Abstract

The objective of this study was to investigate the effects of ultra-high pressure (UHP) on the physicochemical properties, gelling properties, and in vitro digestion characteristics of myofibrillar protein (MP) in Litopenaeus vannamei. The pressures were set at 0, 150, 300, 450, and 600 MPa, respectively. The α-helix structure gradually unfolded and transformed into β-sheet structure as the pressure increased from 0 to 600 MPa. Compared with the control group, the content of α-helix structure of the 600 MPa-treated MP samples decreased by 51.31%, and the content of β-sheet structure increased by a 1.34-fold.

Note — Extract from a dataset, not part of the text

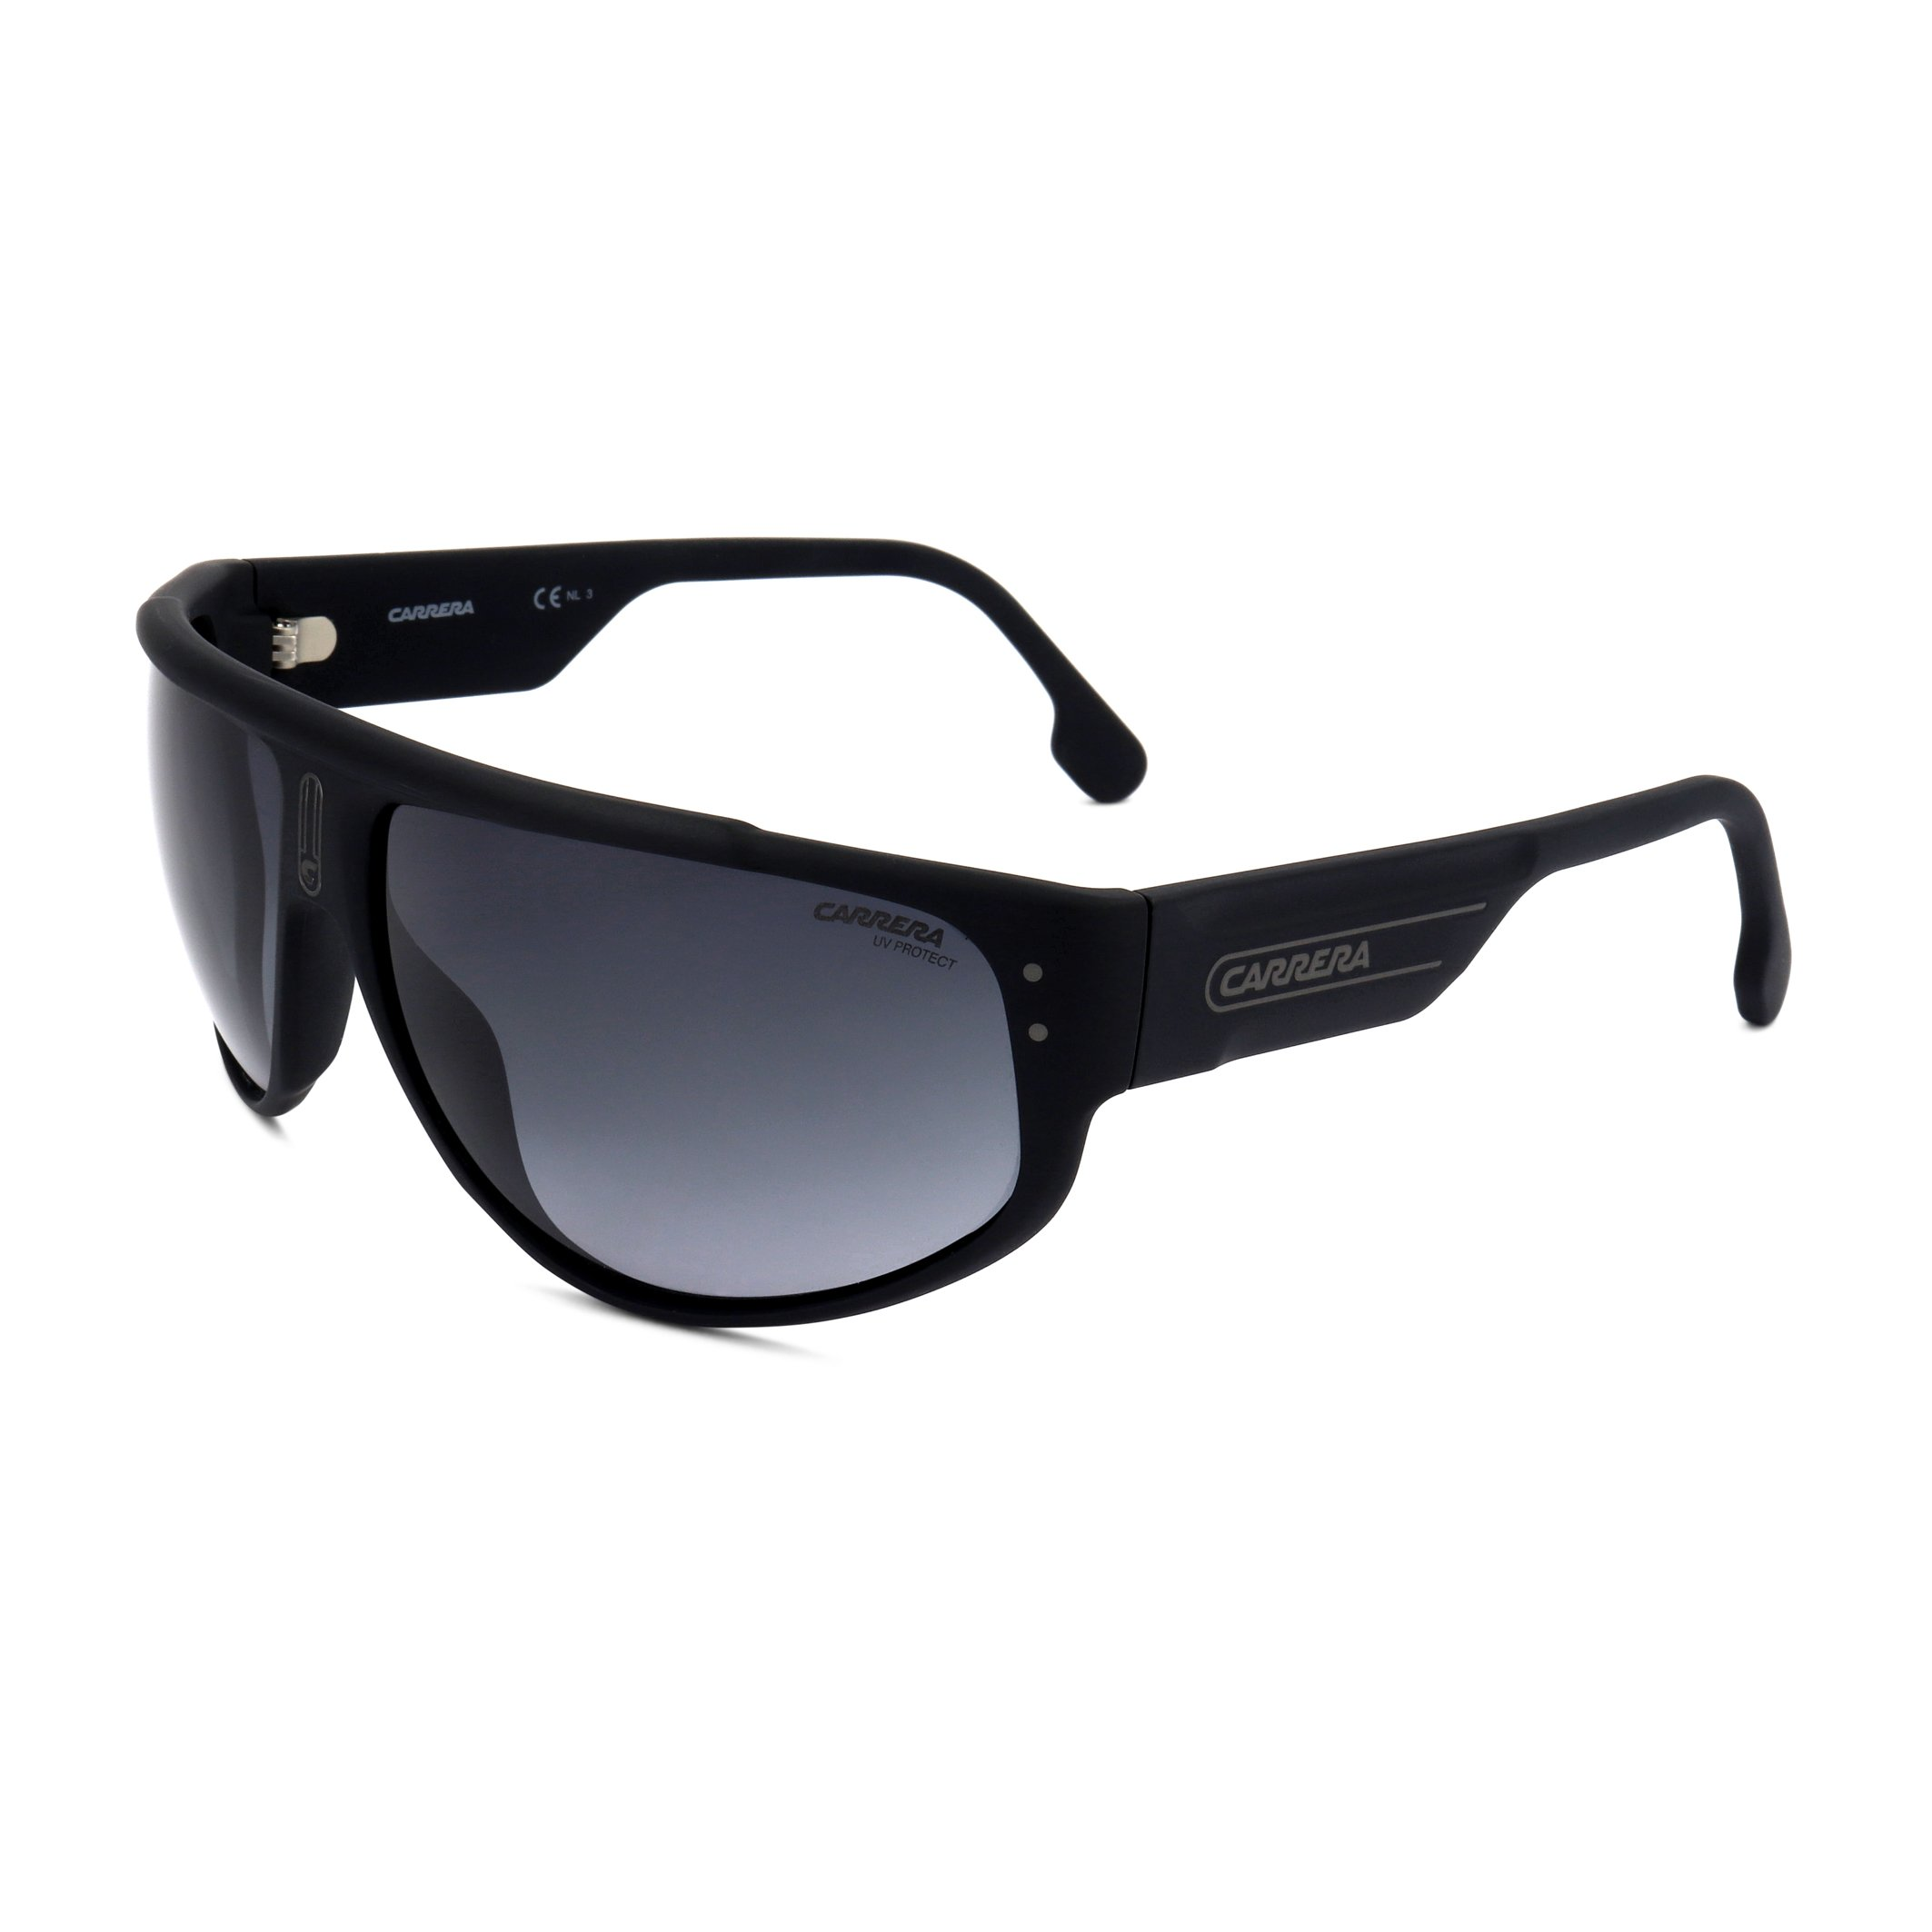 Carrera Unisex Sunglasses Black 1029S - black-2 NOSIZE

In addition, the UHP treatment enhanced the rheological properties of MP. The elastic modulus (G′) and viscous modulus (G″) of the 600 MPa-treated MP samples increased by 4.77-fold and 3.78-fold, respectively, compared with the control group (at frequencies up to 10 Hz). The gel properties of the MP also increased significantly after UHP treatment, e.g., the WHC of MP gel increased by 45.49% and the gel strength increased by a 5.99-fold when the pressure reached 600 Mpa, compared with the control group. The results of in vitro simulated digestion showed that UHP treatment led to the formation of more easily digestible MP gels. Compared with the control group, the 600 MPa-treated MP gel samples showed a 1.89-fold increase in digestibility and a 66.86% decrease in digestible particle size.